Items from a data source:

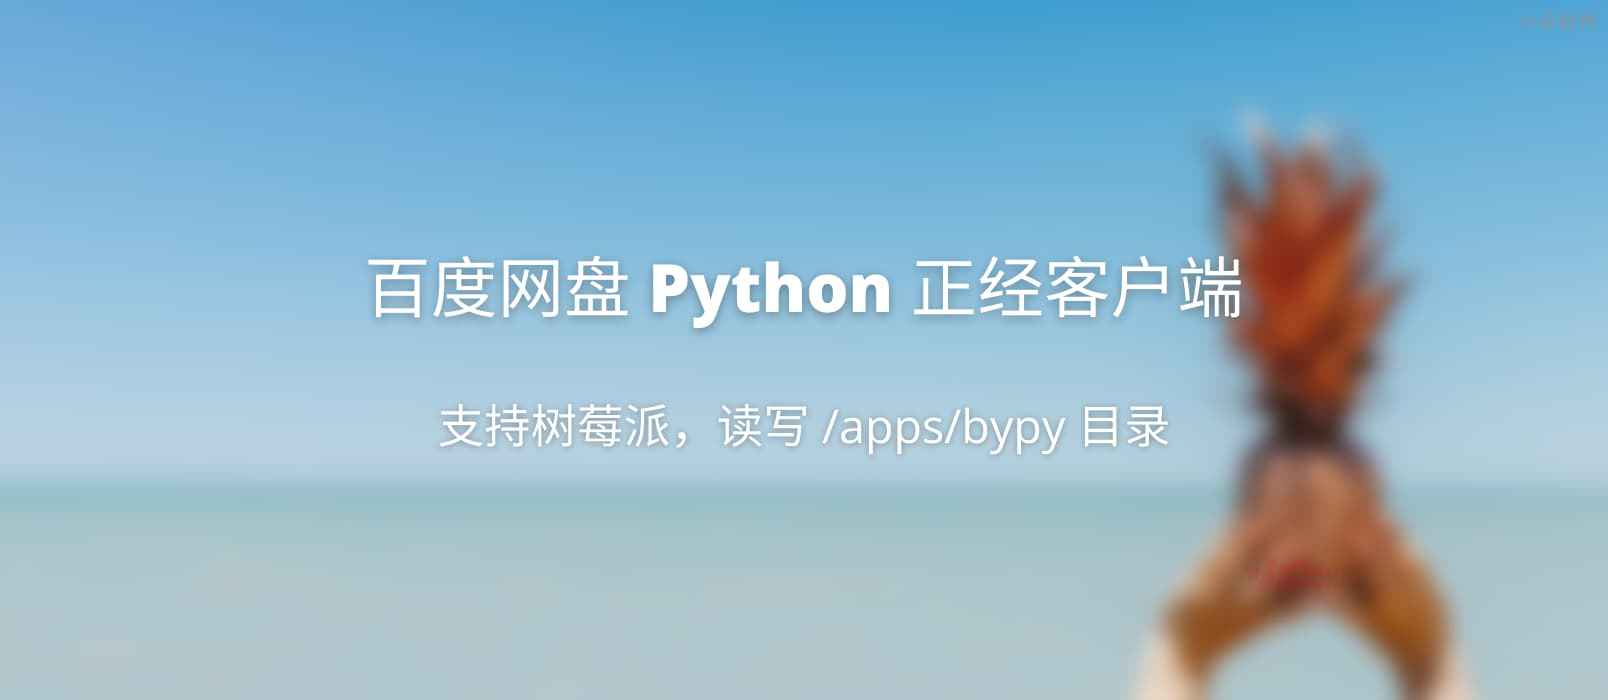 百度网盘 Python 客户端 - 正经客户端，可在树莓派上使用
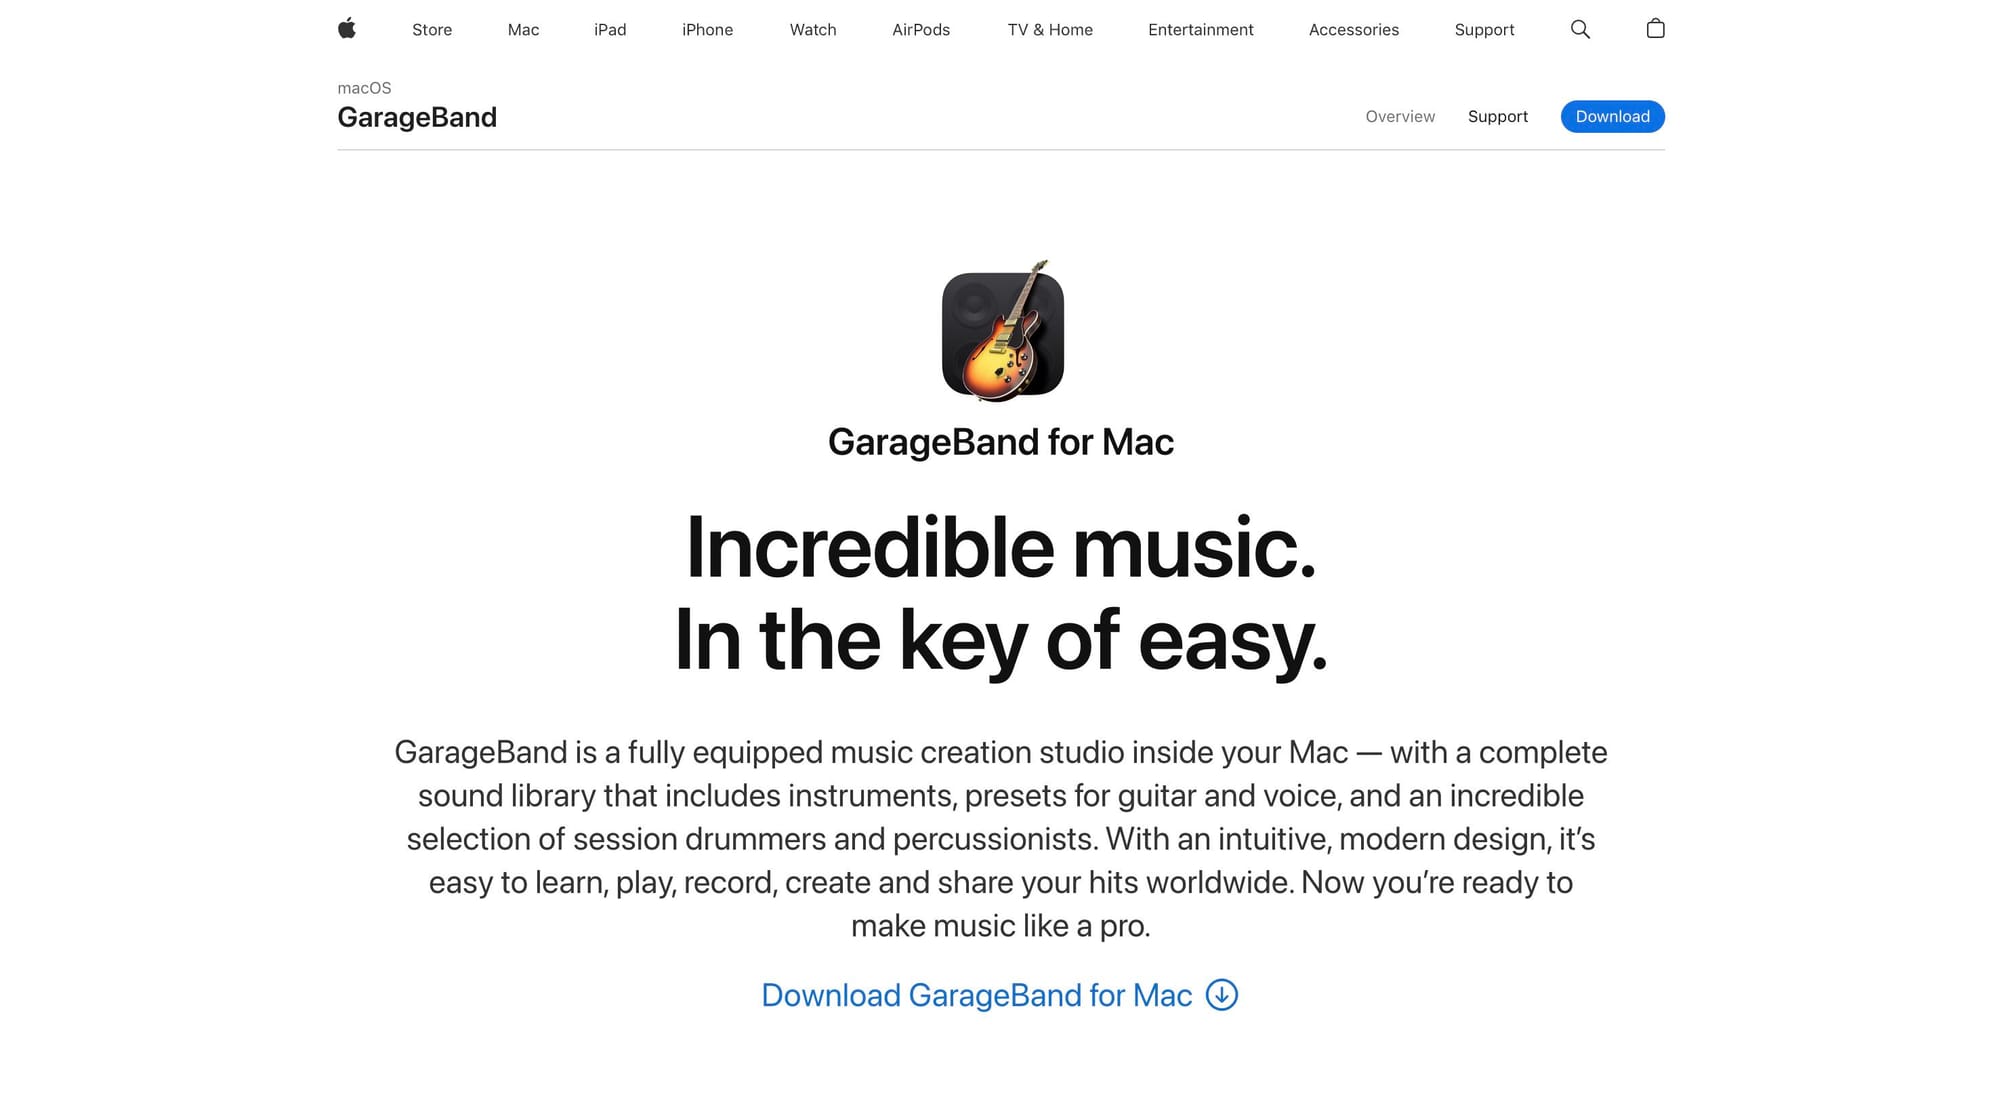 GarageBand's homepage
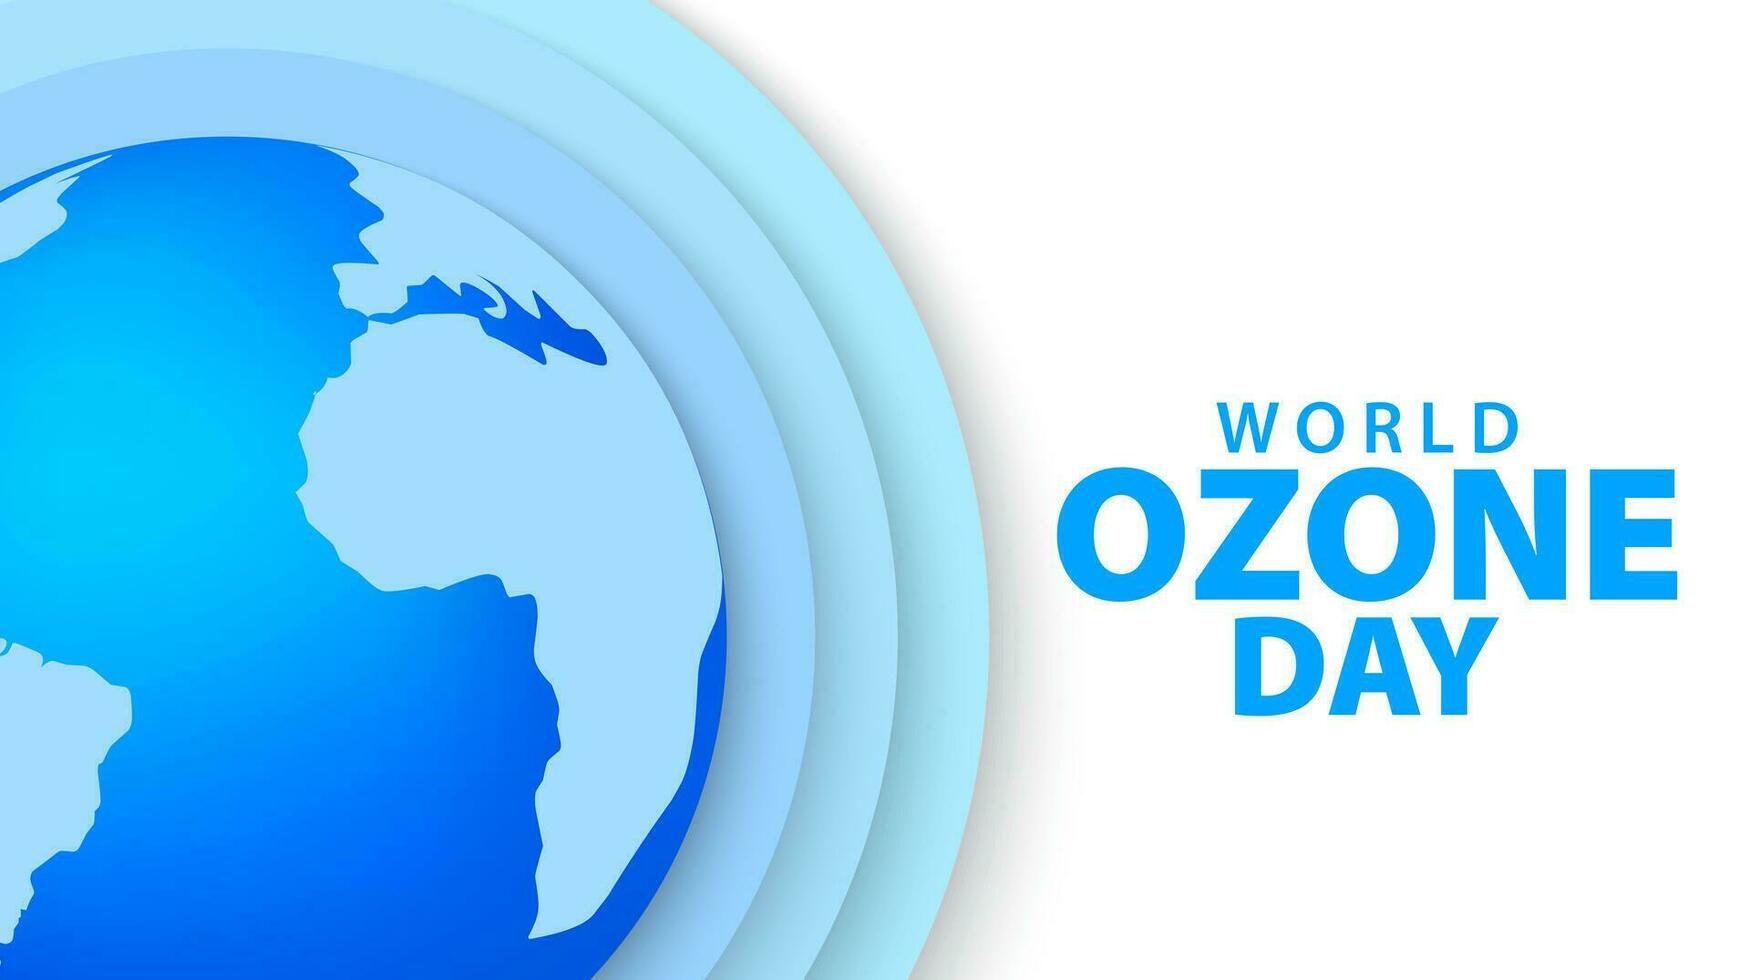 monde ozone journée concept Contexte avec monde globe. ozone journée papier Couper conception. vecteur illustration
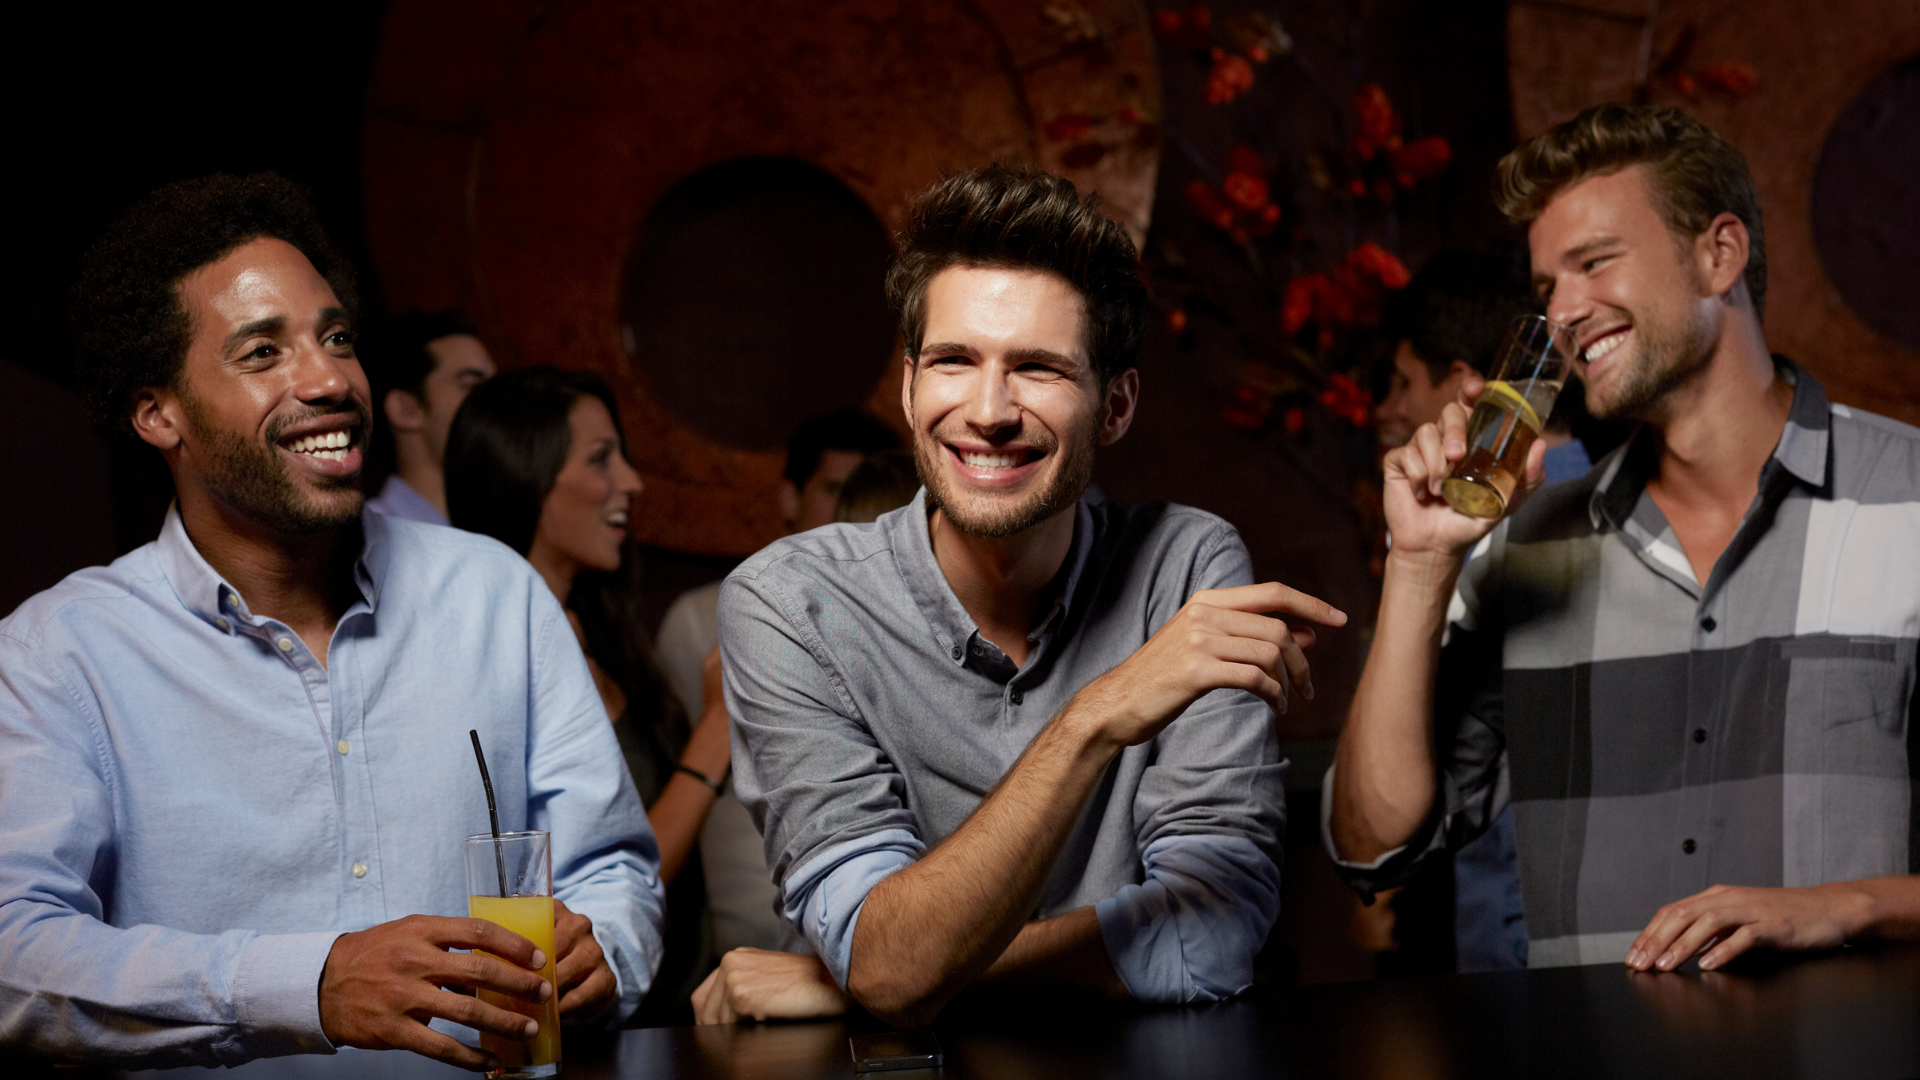 Según estudio, los hombres se sienten atraídos entre ellos estando borrachos
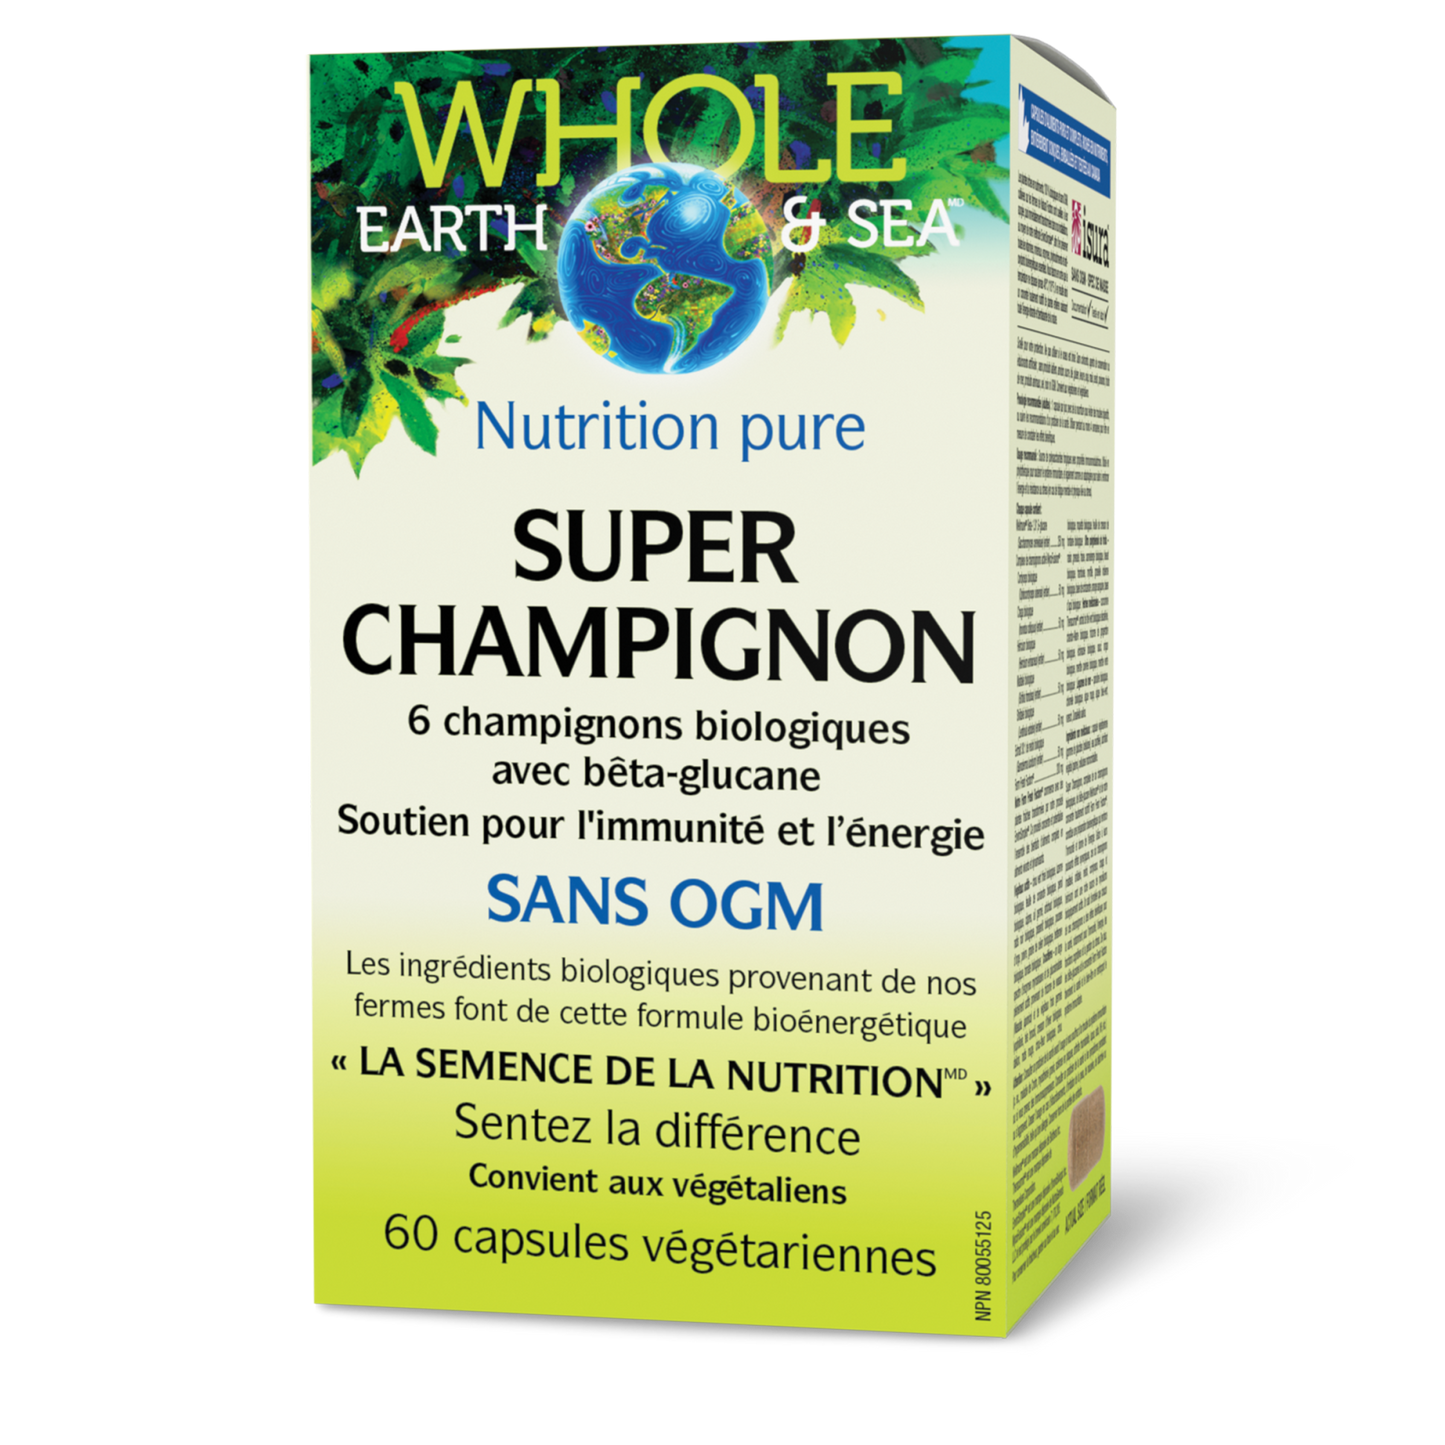 Super champignon, Whole Earth & Sea, Whole Earth & Sea®|v|image|35510

• [Task instructions]: Copy all the data exactly as written, but skip any picture.

• [Result for this exercise]:
 百度网盘 Python 客户端 - 正经客户端，可在树莓派上使用
 GarageBand's homepage
 monde ozone journée concept Contexte avec monde globe. ozone journée papier Couper conception. vecteur illustration
 Según estudio, los hombres se sienten atraídos entre ellos estando borrachos
 Super champignon, Whole Earth & Sea, Whole Earth & Sea®|v|image|35510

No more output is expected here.